Update the atom indices in the stereochemistry for the backmapped structure.

Parameters:

• mol_stereo (dict) – The stereo information for the molecule to be updated.

• atom_offset (int) – The offset to be added to the original atom indices to get the new atom indices in the backmapped structure.

Returns:

The updated stereo information with shifted atom indices.

Return type:

dict or None

class schrodinger.application.matsci.cg_backmapping.RingSpearResolver(aa_struct)

Bases: object

Detects and resolves ring spears in backmapped all-atom structures. A ring spear occurs when a bond passes through the face of a ring.
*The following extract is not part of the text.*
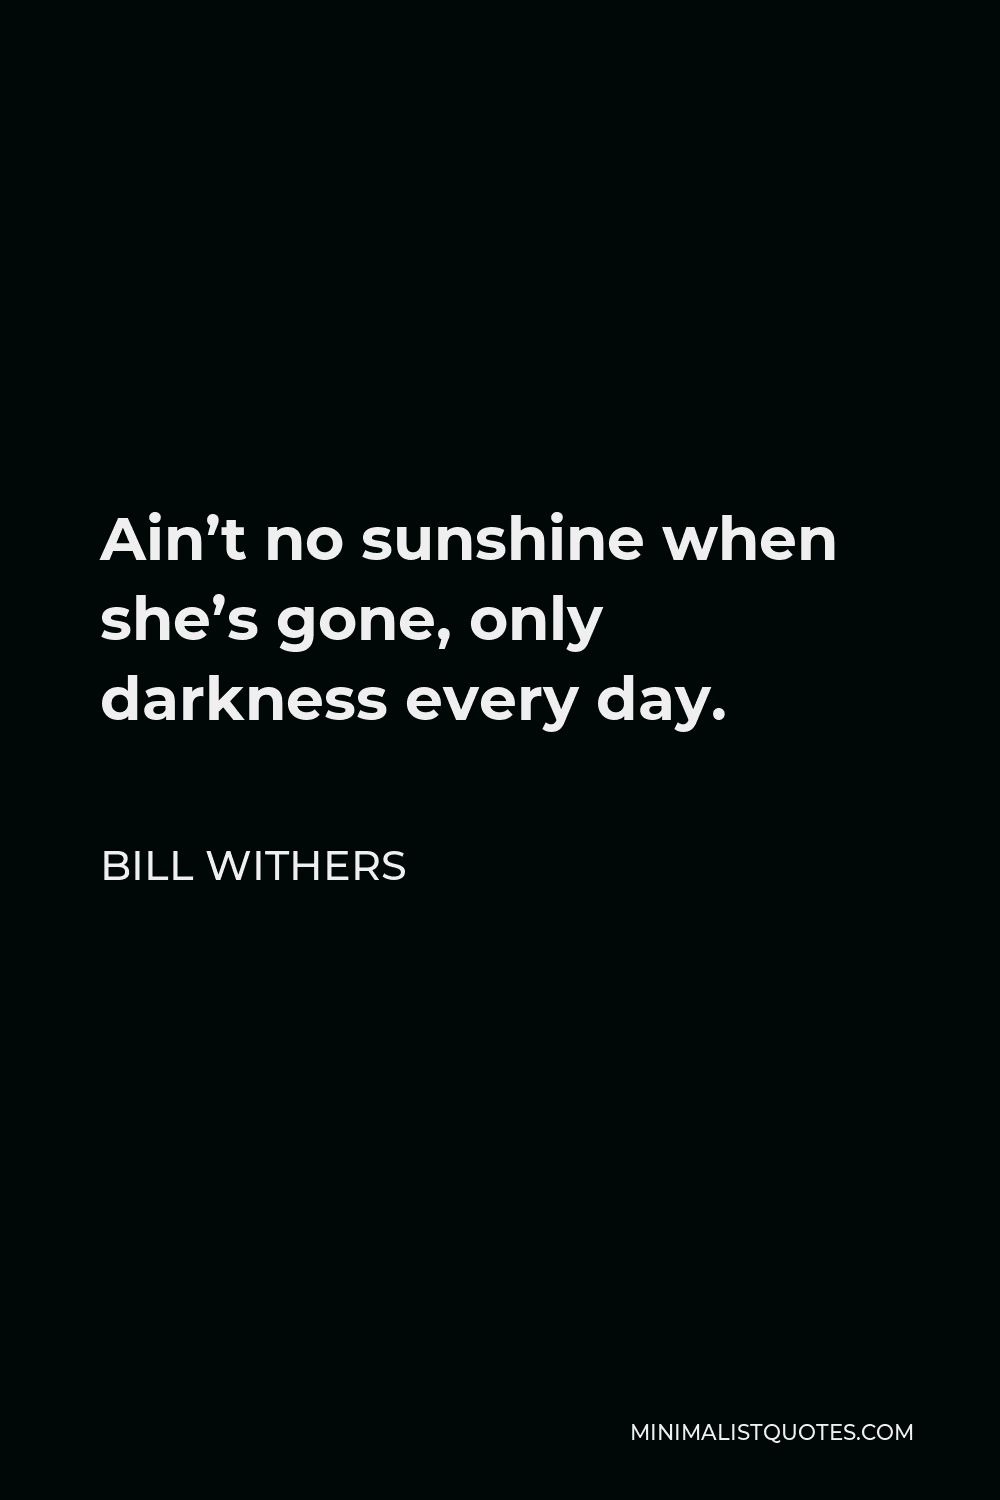 Bill Withers Quote - Ain’t no sunshine when she’s gone, only darkness every day.

Uses translation along ring plane normals and Euler rotation to stabilize the structure.

MAX_PASSES = 5

MAX_BFS_DEPTH = 3

__init__(aa_struct)

Initialize the RingSpearResolver.

Parameters:

aa_struct (Structure) – The backmapped all-atom structure to check and fix.

detectSpears()

Detect ring spears in the backmapped structure.

Returns:

List of detected spear objects.

Return type:

list

getSpearFragmentAtoms(spear_idx1, spear_idx2, ring_indexes)

Identify a local fragment around the spear atoms using BFS up to depth 3. Ring atoms act as barriers so the fragment stays on the spear side of the topology.

Parameters:

• spear_idx1 (int) – First atom index of the spearing bond.

• spear_idx2 (int) – Second atom index of the spearing bond.

• ring_indexes (list[int]) – Atom indices of the speared ring.

Returns:

Sorted atom indices of the local fragment.

Return type:

list[int]

resolveByTranslation(frag_atoms, ring_normal, spear_ring, original_xyz)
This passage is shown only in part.